Четверги мистера Дройда - Борисов Николай Андреевич
Шрифт:
Интервал:
Закладка:
Как и всегда, вино привело Хозе в грустное настроение, и он вспомнил сцену ухода Аннабель. Сжалось сердце, и он почти почувствовал физическую боль от тоски по невозвратным дням.
«Пить, пить и пить, чтобы свалиться камнем, чтобы ничего не чувствовать, чтобы ничего не представлять, никаких картин, чтобы потушить ревность, чтобы не видать рук, быть может, обнимающих сейчас Аннабель», — скрипнул зубами Хозе и залпом выпил стаканчик рома.
— Гуляй, душа! — заревел сержант. — Пусть знают нас, Хозе, пусть. Сержант Гранро пьет. Ну и что же? Кто имеет против? — Сержант обвел всех пьяным взглядом. — Никто. Кто за?.. Все…

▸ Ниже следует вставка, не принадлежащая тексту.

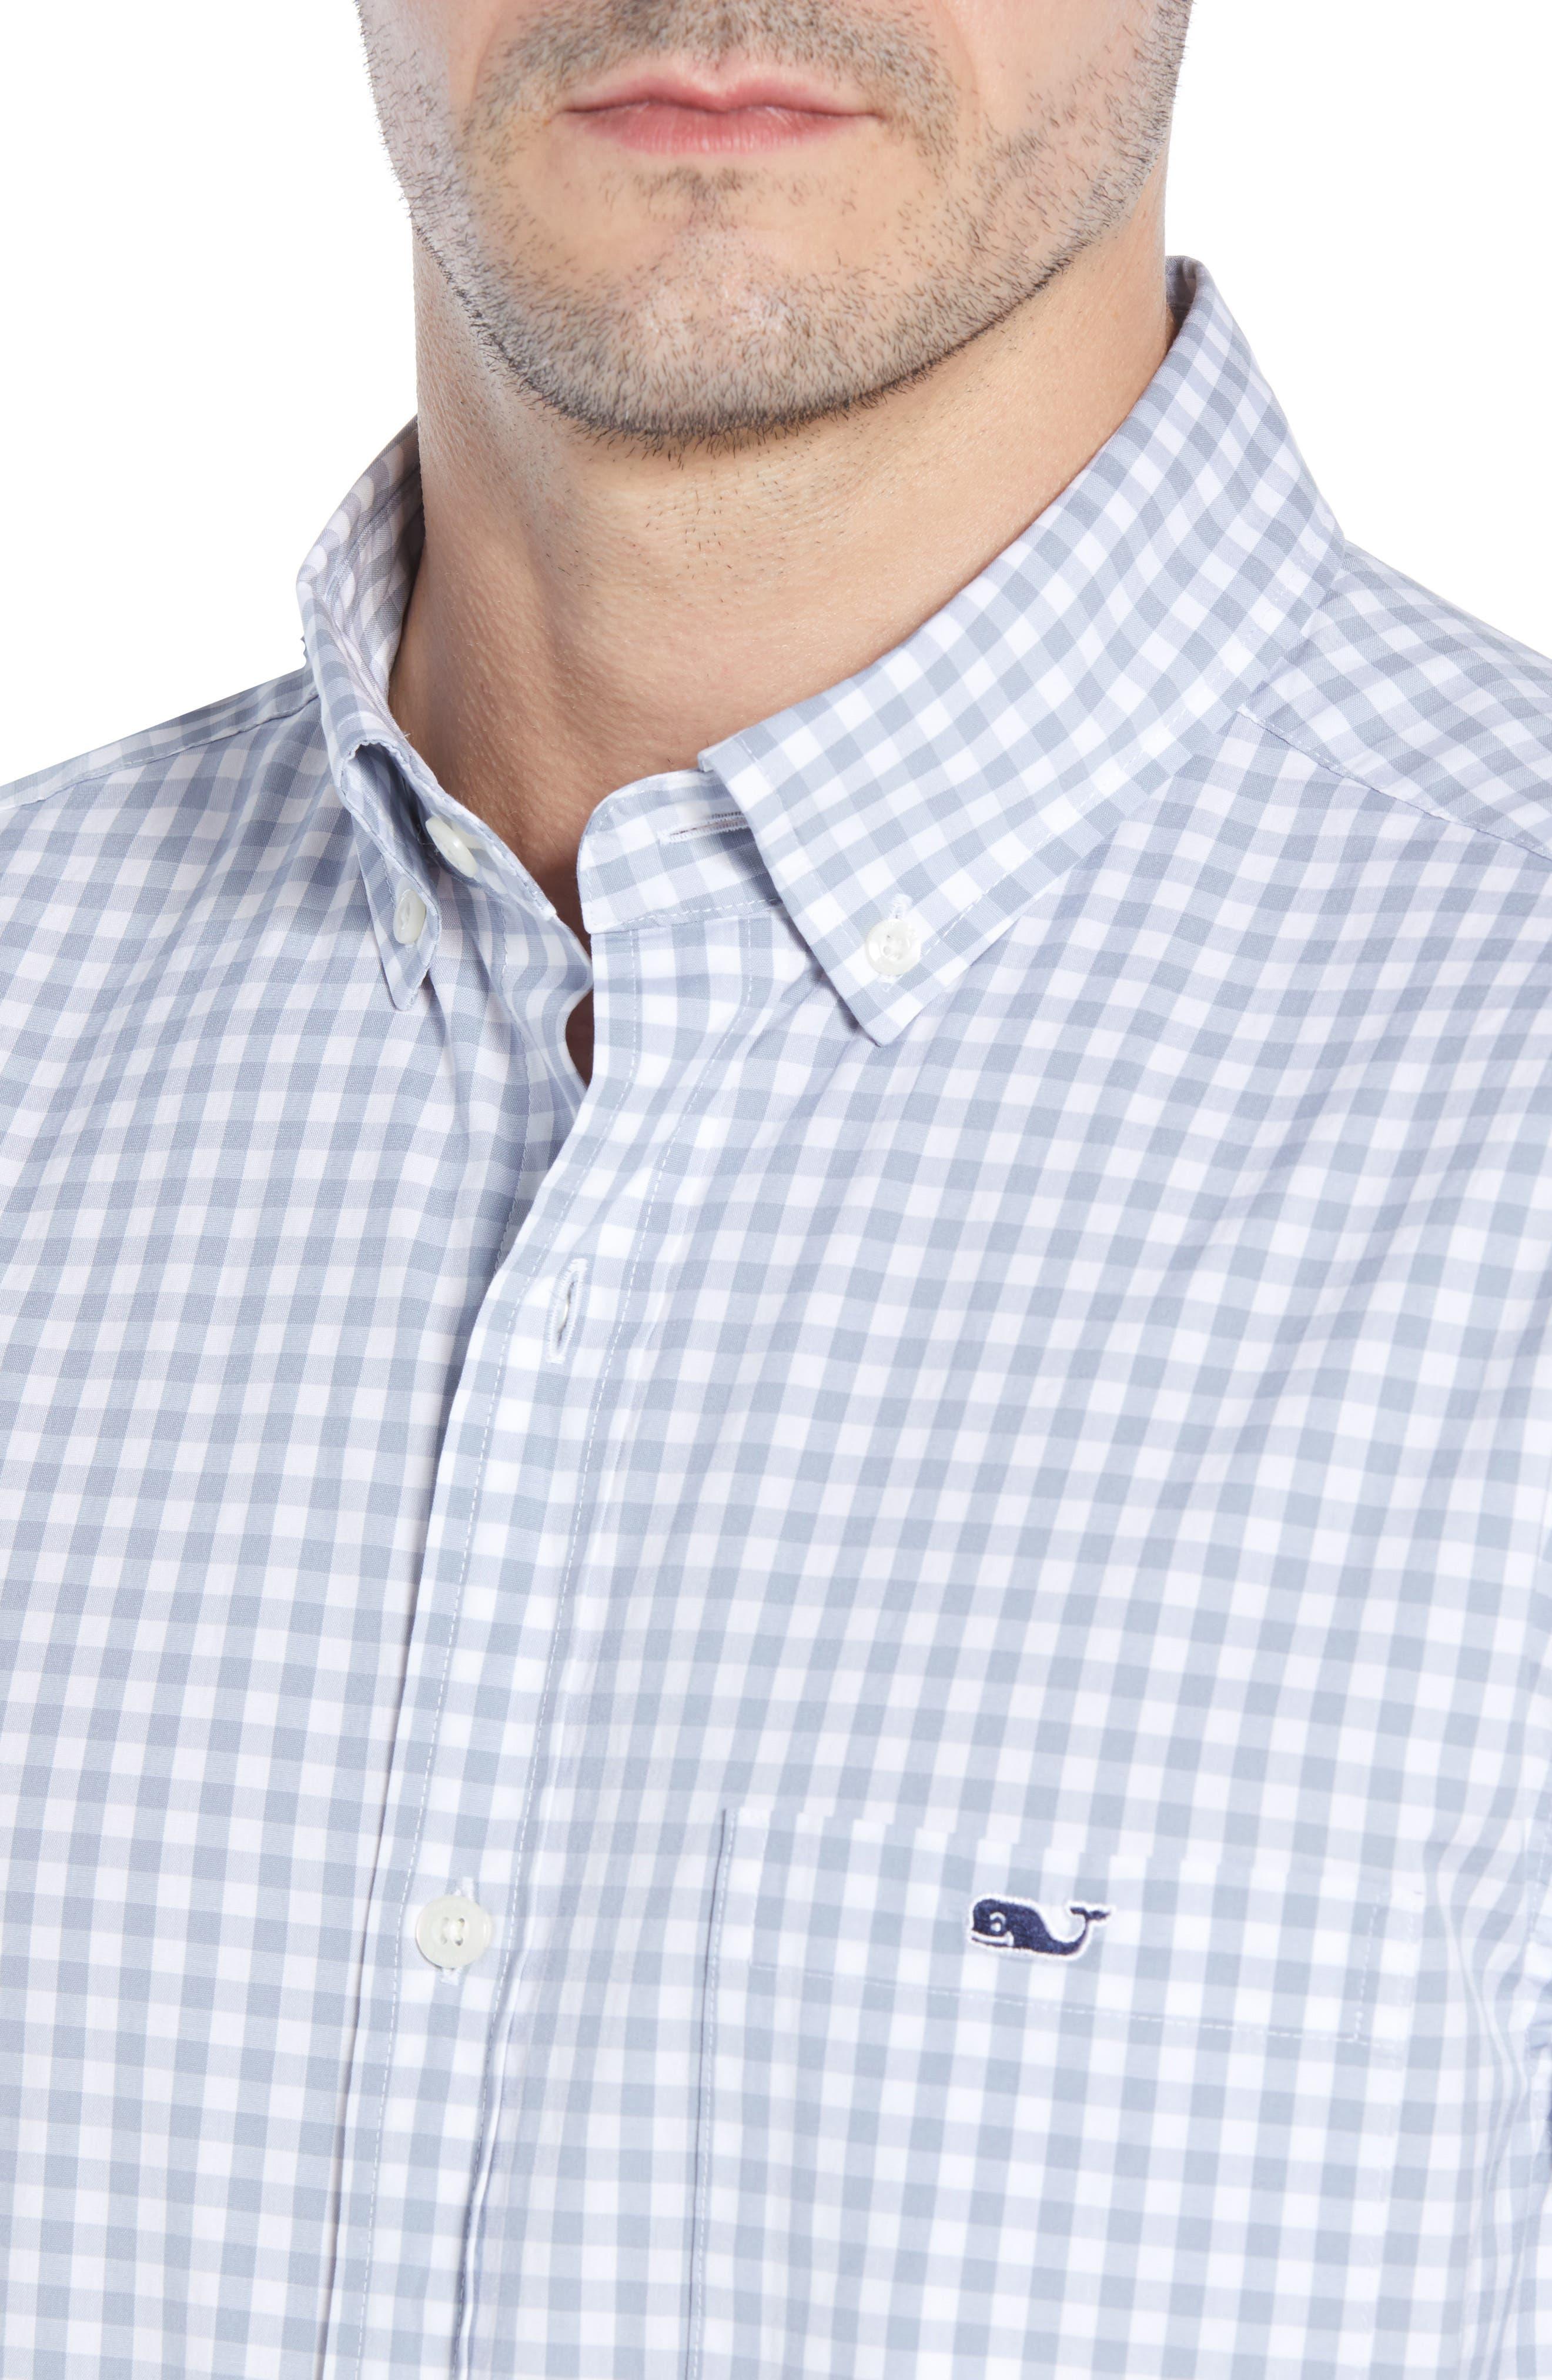 VINEYARD VINES, Carleton Classic Fit Gingham Buttondown Shirt, Alternate thumbnail 2, color, 023

— И воздержавшихся нет, — добавила женщина.
— Пьем — и баста. Пей, Хозе, пей!
Стакан коктейля обжег горло, и по всему телу разлился огонь, ударил в мозг, и Хозе, стукнув кулаком по столу, испугав Дройда, вскочил.
Скрипят брамсели, реи, шканцы,
А капитан поет и пьет,
Команда пляшет. Смерть реве
Под звуки бешеного танца…
Вот-вот корабль ко дну пойдет,
Вот-вот корабль вода зальет…[3]
В голосе Хозе гремел вызов всему, не чувствовалось внутренней приниженности, с лица спала невозмутимая маска конченного человека, и каждая черточка его лица переживала песню.
Даже сержант Гранро перестал пить и в такт ритмически раскачивался, тяжело уставившись на батарею бутылок.
Все в харчевне притихло.
Только на Дройда не подействовала песня: его душа была наглухо заперта в сейфе.
Что ему слова песни-вызова, проникнутые соленым ветром, что ритм, в котором чувствовались вздымающиеся волны бури?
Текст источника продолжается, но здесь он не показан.